In addition to the general election there has recently been two more national polls. One to find the nation’s favourite birds, and one to do the same for wild flowers. This is an area of engagement with nature in which we in Britain lag far behind other countries, especially America. Over there every state has a selection of official birds, flowers, insects, fish and other wildlife. Some even have state dinosaurs! In an age when there is great concern about introduced species some of those designated are not even native to North America: twelve states have the European honey bee for their state insect.
The designation of species is often done by the state legislature. Some might think that our county councils would be well employed debating such things, rather than apparently ignoring nature conservation for most of the time. Here it is voluntary bodies which do the job, as is the case with birds and flowers now.
In the vote for our favourite birds most votes went to the robin, followed by barn owl, blackbird, wren and red kite. One of the organisers, David Lindo, said “ Despite being a seemingly friendly bird, the robin is hugely territorial and very defensive of its territory and I presume that reflects us as an island nation, that we will stand our ground. ”
In Plantlife’s wildflower poll our favourite flowers turned out to be bluebells in England, and primroses in Scotland, Wales and Northern Ireland.
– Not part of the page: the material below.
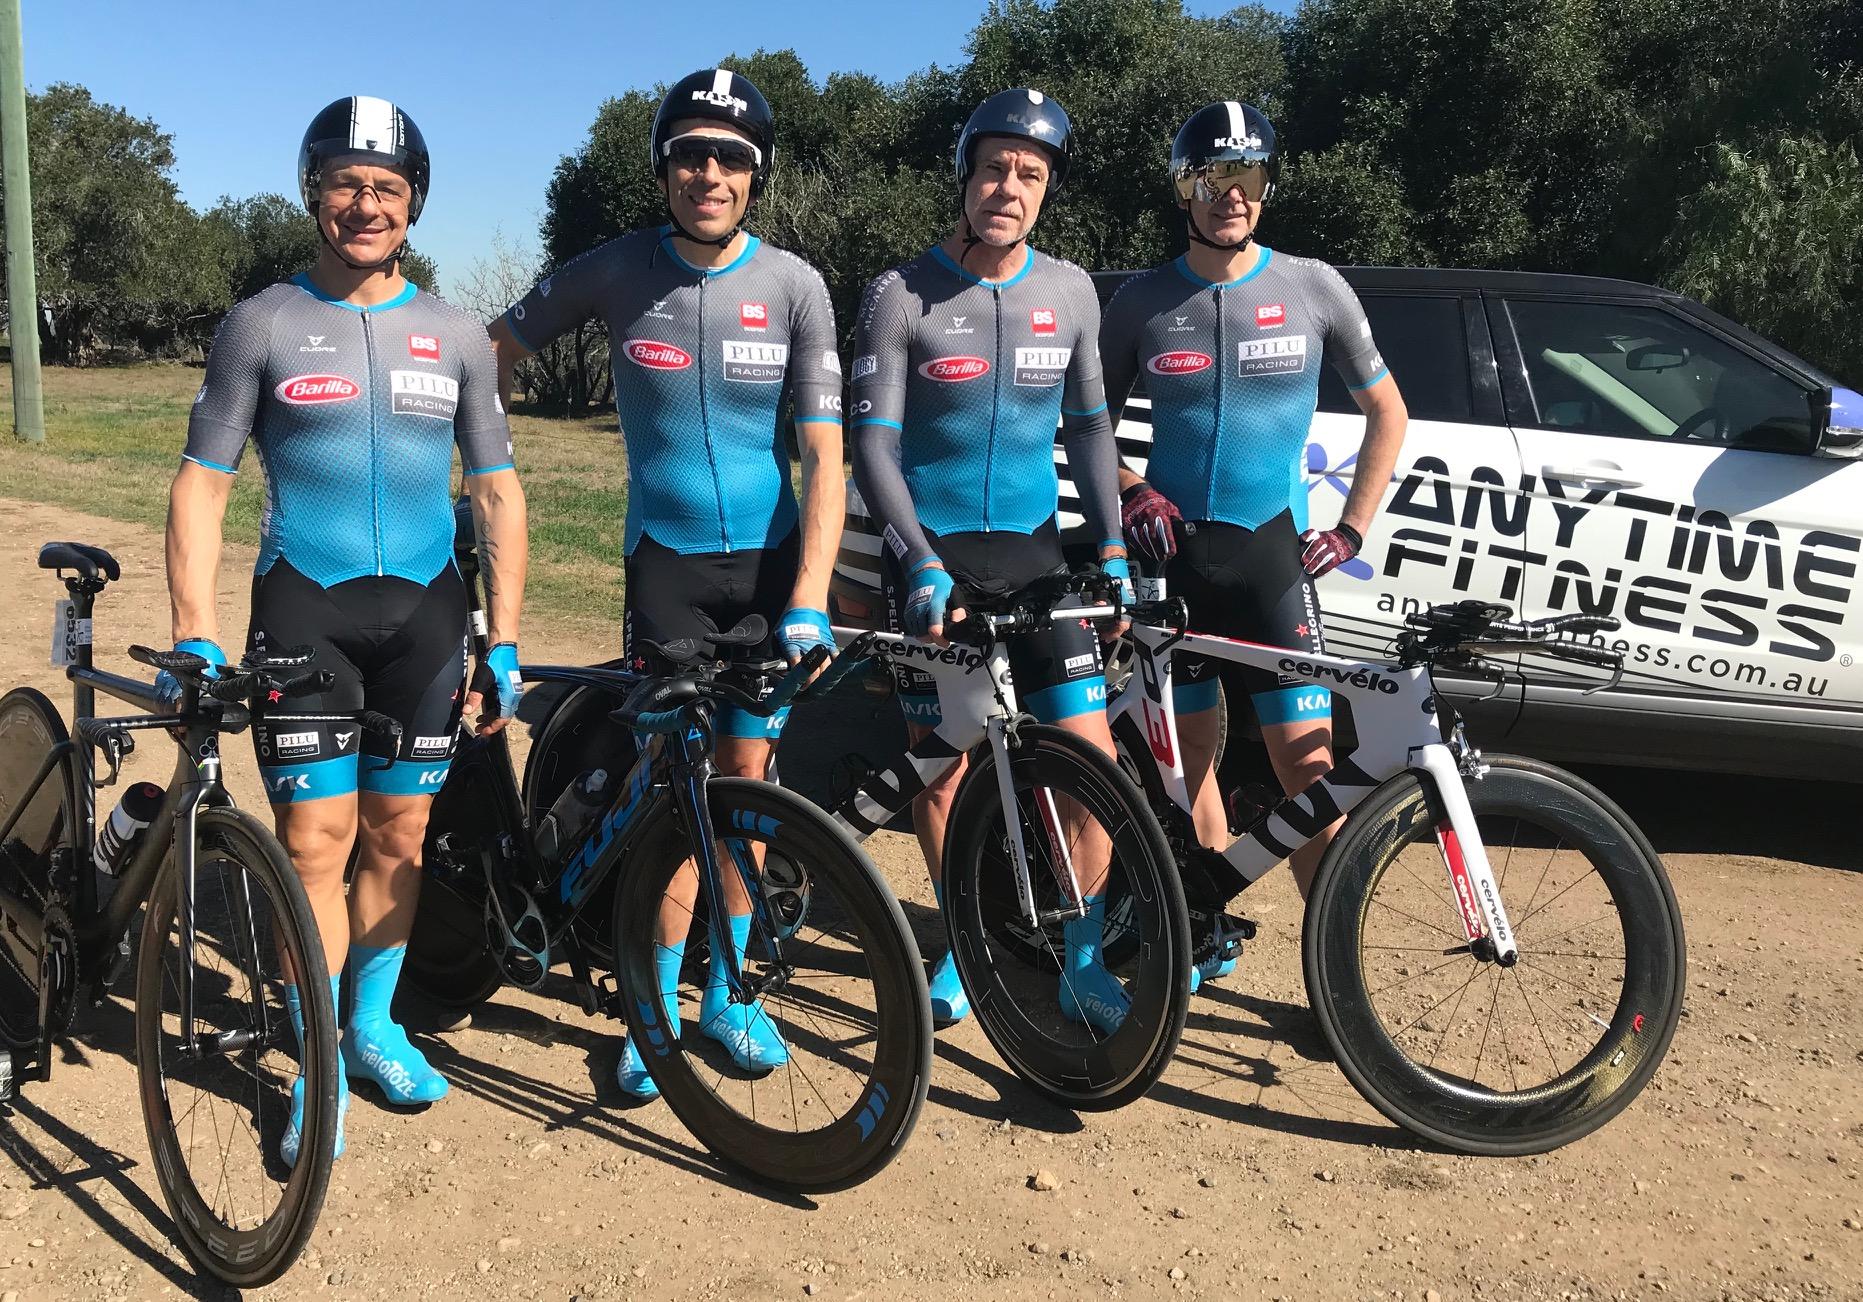 NSW Team Time Trial @ 3 August - Gio Pilu, Jordan Reizes, Matt Coy & Richard Bjorkmann

Curiously we do actually have ‘official’ national flowers: England the rose, Wales the daffodil, Scotland the thistle and Northern Ireland the shamrock. Did you know though that, thanks again to Plantlife back in 2002, there is a list of local favourites? In
Birmingham and the Black Country we chose the foxglove, in Staffordshire heather, Warwickshire honeysuckle, and Worcestershire cowslip.
This may all seem like just a bit of fun, but there is a serious purpose behind the exercises. Nature is under continual threat and pressure. Politicians and others are constantly faced with making decisions that affect the wildlife where you live. They need to know that you and your neighbours are aware of, and care about, local nature. There will be times when that may be crucial to saving your neighbourhood’s nature reserve, last piece of woodland or fragment of wildflower meadow.